Next.js is a great choice for many projects, but not every React app needs SSR or a full framework. Sometimes all you need is a couple of protected endpoints: keep an API key off the client, verify auth, cap requests.
Vercel already runs serverless functions alongside static sites. A single rewrite rule plus Hono gives you auth, rate limiting, and AI integration in the same repo, without changing your frontend stack at all.

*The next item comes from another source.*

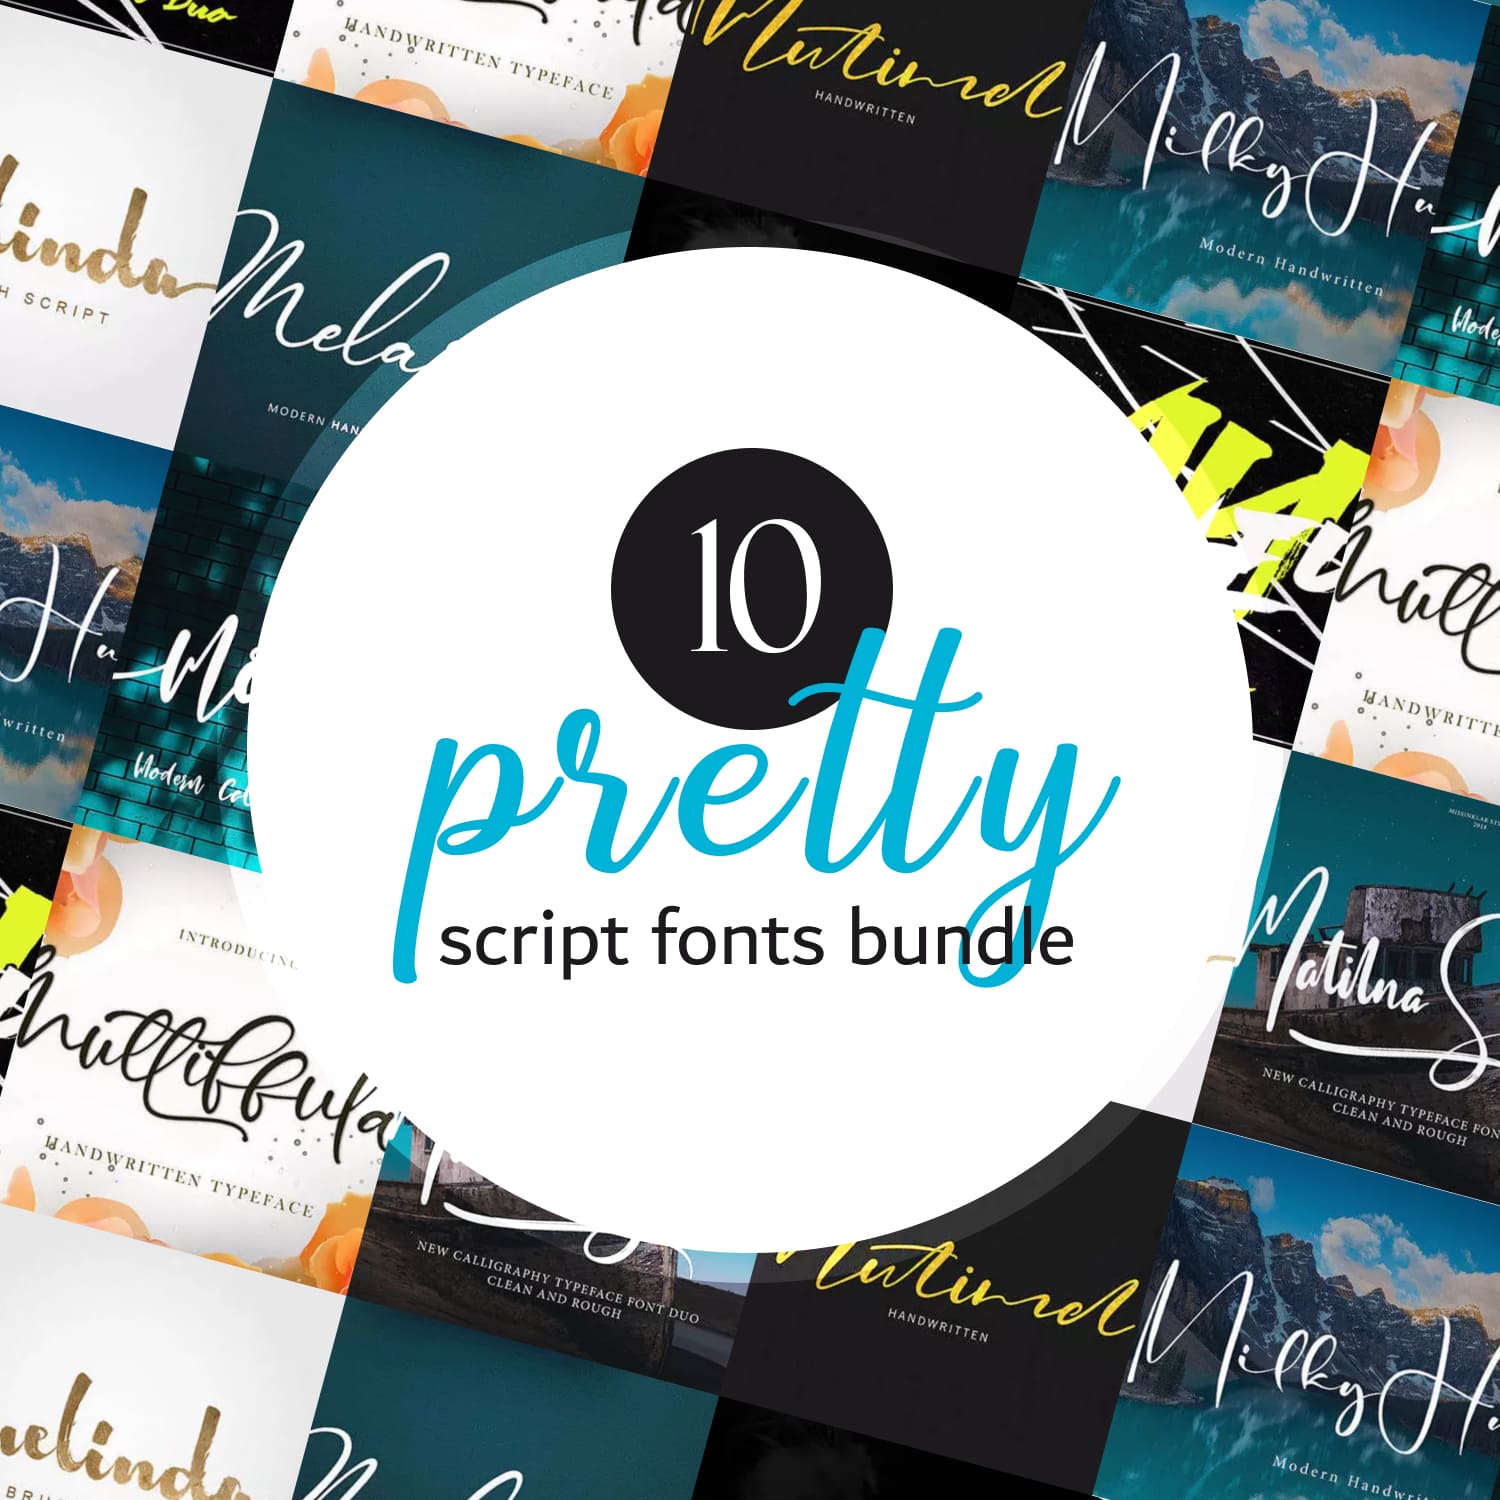 10 pretty script fonts bundle.

ERMate, an open-source AI-powered ER diagram tool, uses exactly this pattern (sources).
Project Structure
/
├── api/
│ ├── index.ts *
│ ├── middleware/
│ │ └── auth.ts
│ └── routes/
│ └── chat.ts
├── src/ *
└── vercel.json
api/index.ts is the single Vercel Function entry point. src/ is the React app. They share the repo and the deploy, nothing else.
One rewrite rule funnels everything to one function:
// vercel.json
{
"rewrites": [
{ "source": "/api/:path*", "destination": "/api/index.ts" }
]
}
The Entry Point
Hono handles routing inside that single function. Auth middleware runs on every route before anything else.
// api/index.ts
import { Hono } from 'hono'
import { chatRoute } from './routes/chat.js'
import { authMiddleware } from './middleware/auth.js'
const app = new Hono().basePath('/api')
app.use('*', authMiddleware())
app.route('/chat', chatRoute)
export default app
Auth with Clerk
The middleware wraps Clerk's Hono adapter. Your secret key never leaves the server.
// api/middleware/auth.ts
import { clerkMiddleware } from '@clerk/hono'
export const authMiddleware = () =>
clerkMiddleware({
publishableKey: process.env.VITE_CLERK_PUBLISHABLE_KEY,
secretKey: process.env.CLERK_SECRET_KEY,
})
Inside a route, extract the user and gate the handler:
import { getAuth } from '@clerk/hono'
chat.post('/', async (c) => {
const auth = getAuth(c)
if (!auth?.userId) return c.json({ error: 'Unauthorized' }, 401)
// safe to proceed
})
Rate Limiting (no external service)
A plain in-memory sliding window is enough for most apps. It resets on cold start, which is fine for soft limits.
One caveat: if Vercel spins up multiple warm instances, each has its own Map, so the limit multiplies by instance count. For a soft abuse deterrent that's acceptable. For strict enforcement, swap this out for an atomic external store like Redis or Vercel KV to prevent the race condition.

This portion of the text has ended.